Осенью сорок шестого года, когда мне было восемь лет, мы с мамой переехали с милой сердцу улицы. Недалеко переехали, за пять кварталов, на Смоленскую. И хорошо хоть, что недалеко...
Смоленская на первый взгляд ничем не отличалась от улицы Герцена. Те же домики, ворота и хлипкие деревянные тротуары. Но была она гораздо короче, несолидно виляла, и в концах ее никогда не светились ни восходы ни закаты. И я ни разу не мог представить, что за дальним краем этой улицы есть что-то необыкновенное.
И я то и дело убегал туда, где провел свое дошкольное детство. Там была родина. Там были друзья-приятели. Были и недруги, но даже они казались симпатичнее недругов на Смоленской. И там, в нашем длинном одноэтажном флигеле, по-прежнему жил холостяком дядя Боря.
Дядя Боря — это мамин брат. Уже тогда он был немолод и болен. Во время войны он перенес жесточайшую дистрофию, считался среди соседей полным неудачником, но душа и характер у него были неунывающие. Он учил меня делать луки и деревянные мечи, бумажные кораблики и самолеты, рассказывал о своем детстве на берегах Вятки, о шумных и дымных химических опытах, которыми увлекался в школьные годы. И при случае довольно безжалостно высмеивал меня, если узнавал, что я опять спасовал в стычке с вечным соперником Толькой Петровым.
Обитал дядя Боря в проходной комнатушке между Общей кухней и комнатами, где после нас поселилось большое семейство моего приятеля Вовки Покрасова. Имущество дяди Бори состояло из двух табуретов, трехногого Кухонного стола (четвертый угол был прибит прямо к стене), ходиков с картонным циферблатом и тяжелыми плоскогубцами вместо гири и оклеенного драной клеенкой чемодана, где лежала кое-какая одежда, бритва и потрепанная книжка “Евгений Онегин”. Эта книжка была чем-то дорога дяде Боре, он ни разу не дал мне ее полистать.

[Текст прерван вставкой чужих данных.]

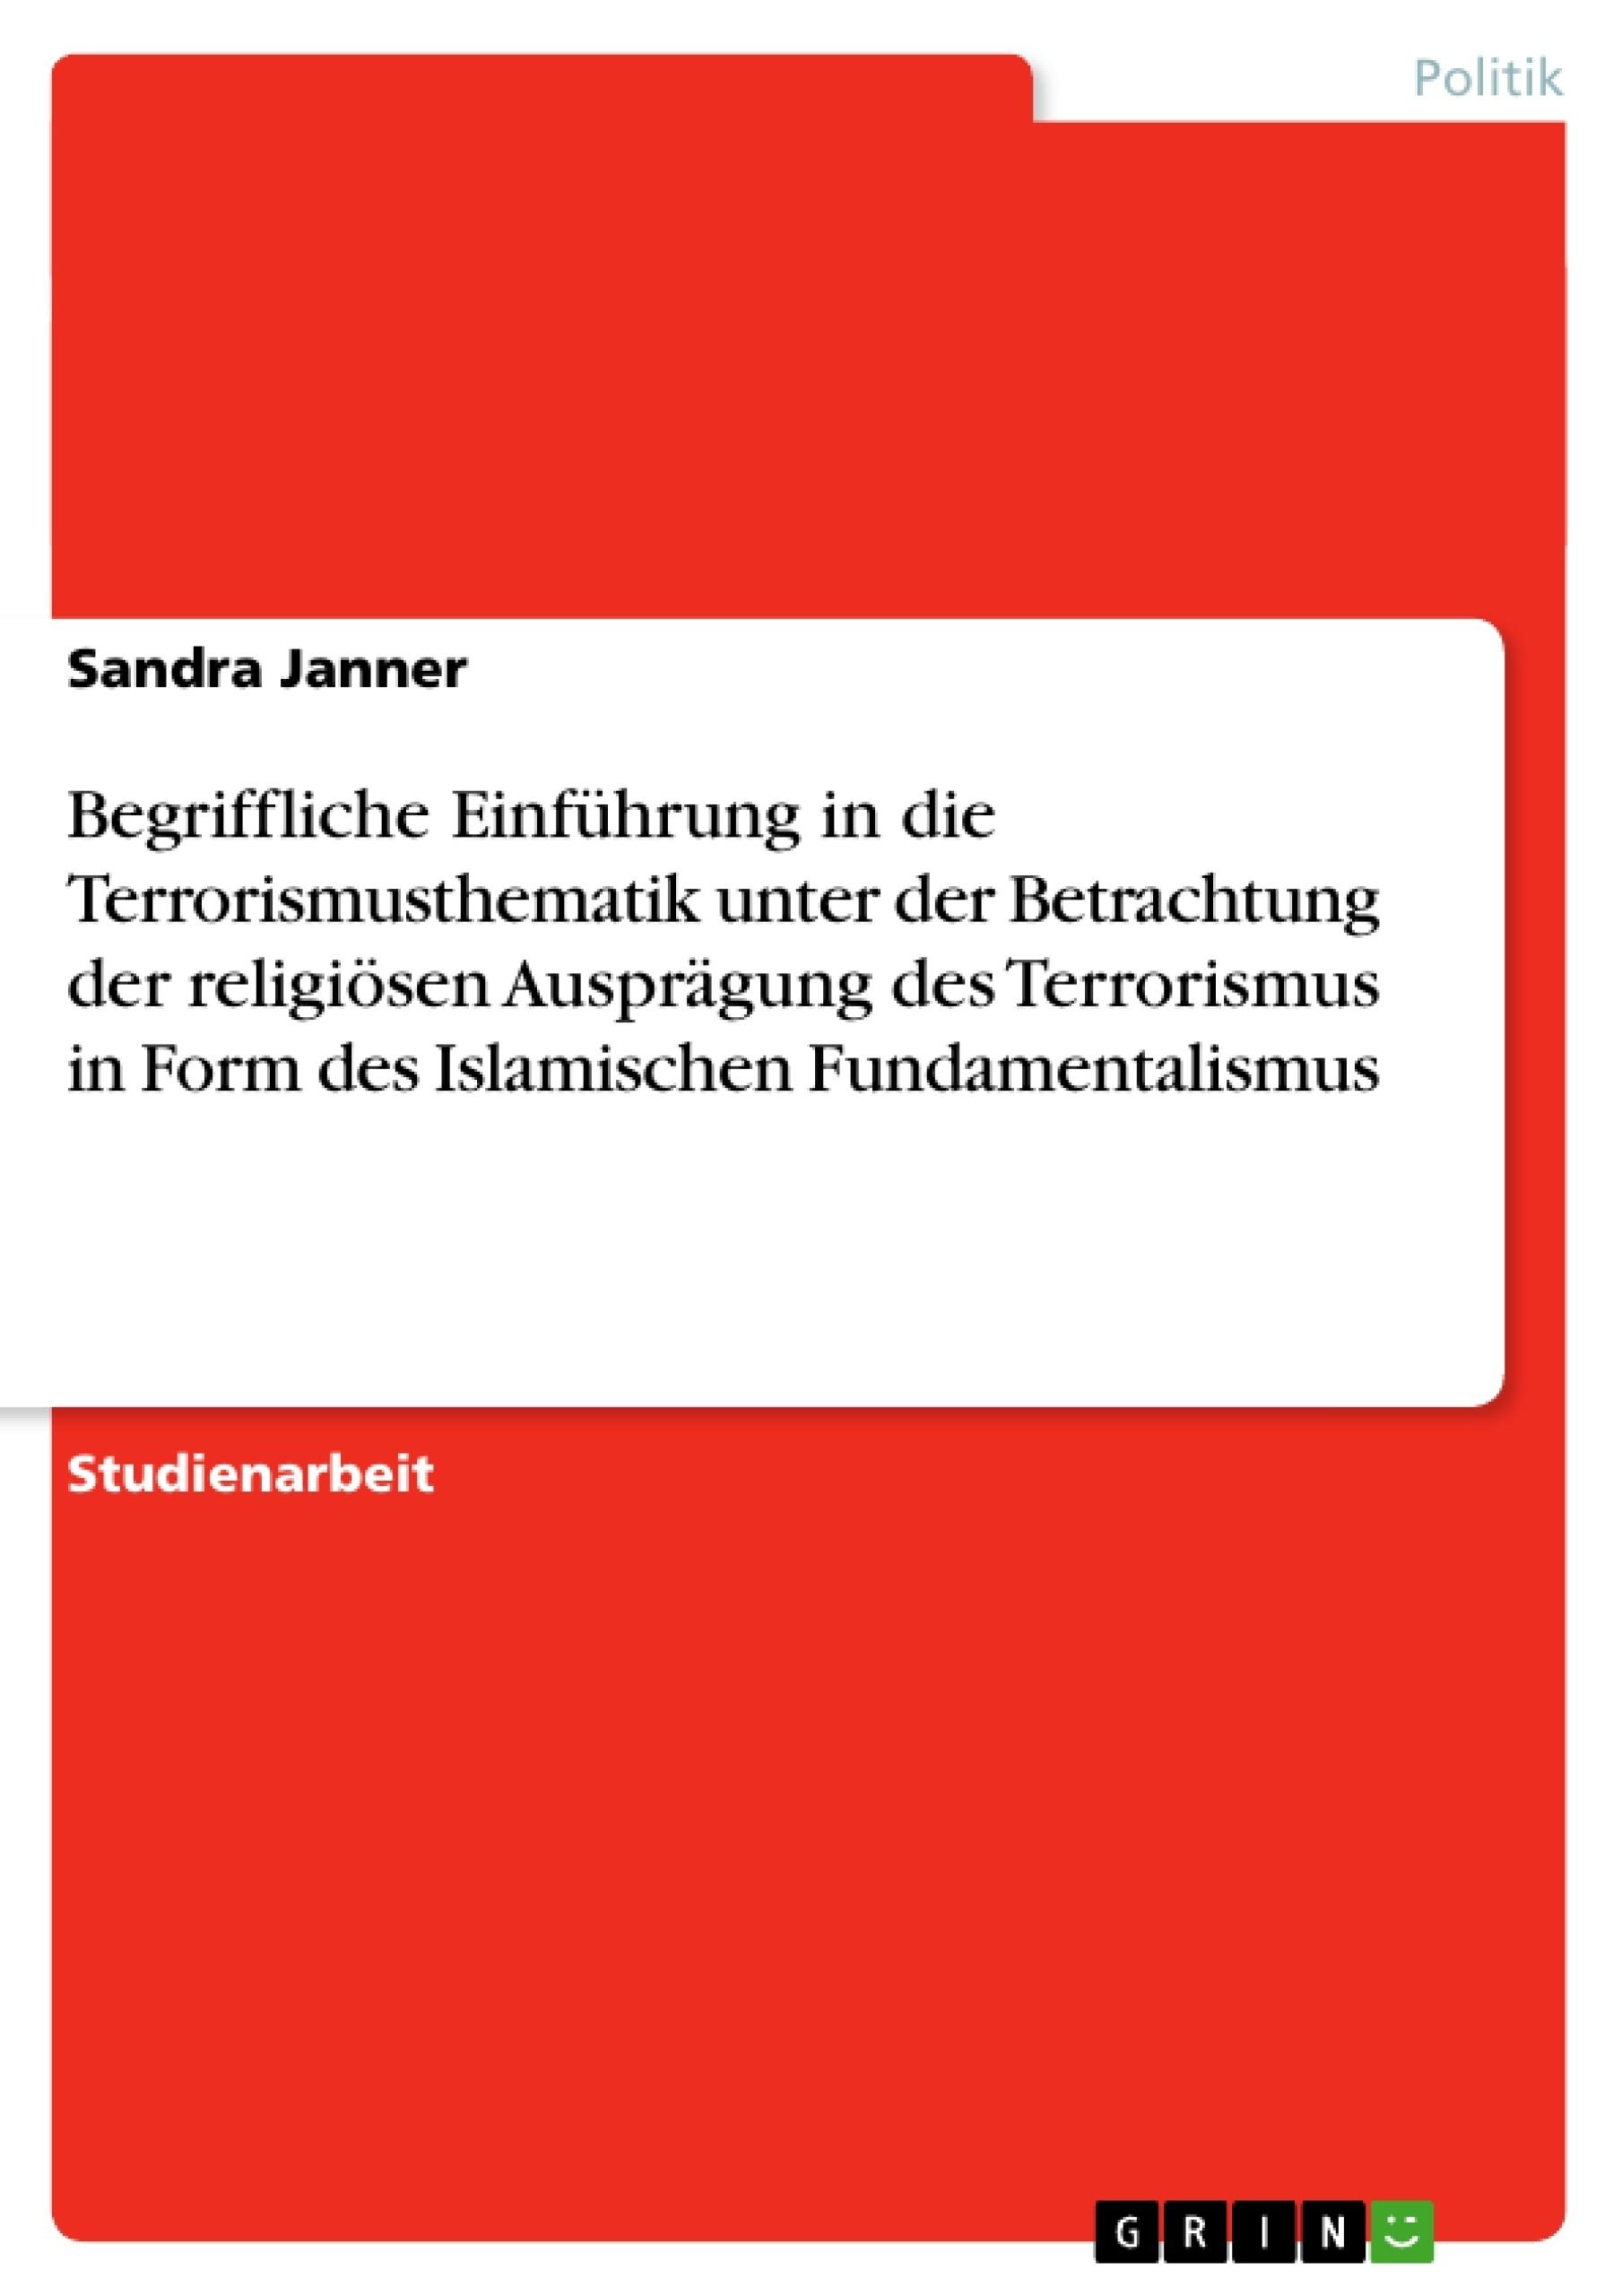 Titel: Begriffliche Einführung in die Terrorismusthematik unter der Betrachtung der religiösen Ausprägung des Terrorismus in Form des Islamischen Fundamentalismus

Спал дядя Боря на железной койке с досками вместо сетки. Но, когда мы уезжали из этого дома, мама оставила дядюшке широкую кровать с узорчатыми спинками из железных завитушек и медными шишками в виде крошечных самоваров.
Да! Еще был самовар! Правда, подставка у него отвалилась и нижней частью он был засунут в старую, обгорелую кастрюлю. В другой такой же кастрюле дядя Боря варил картошку. Она вместе с хлебным пайком была в те годы почти единственной дяди Бориной едой. Но варил он картошку здорово! С лавровым листом, с укропом, в каком-то особом душистом пару. Клубни получались покрытыми мягкой розоватой корочкой и пахли, как райские плоды. Подуешь на картофелину, макнешь в крупную серую соль и, слегка обжигаясь, начинаешь жевать ее вместе с тонким пластиком хлеба...
Варили мы картошку на таганке. Дядя Боря ставил таганок на плиту, в зев большущей русской печи, сложенной в общей кухне. Зажигал под кастрюлей костерок из трескучих щепок. Отблески разлетались по стенам. Искрился в углу пузатый самовар (не дяди Борин, а Шалимовых, соседей), в погашенной лампочке дрожала оранжевая искра. Посидеть у огонька приходили с вечерней улицы ребята. Они вспоминали недавний футбольный матч с пацанами с улицы Челюскинцев или спорили, кто победит завтра в цирковой встрече по французской борьбе.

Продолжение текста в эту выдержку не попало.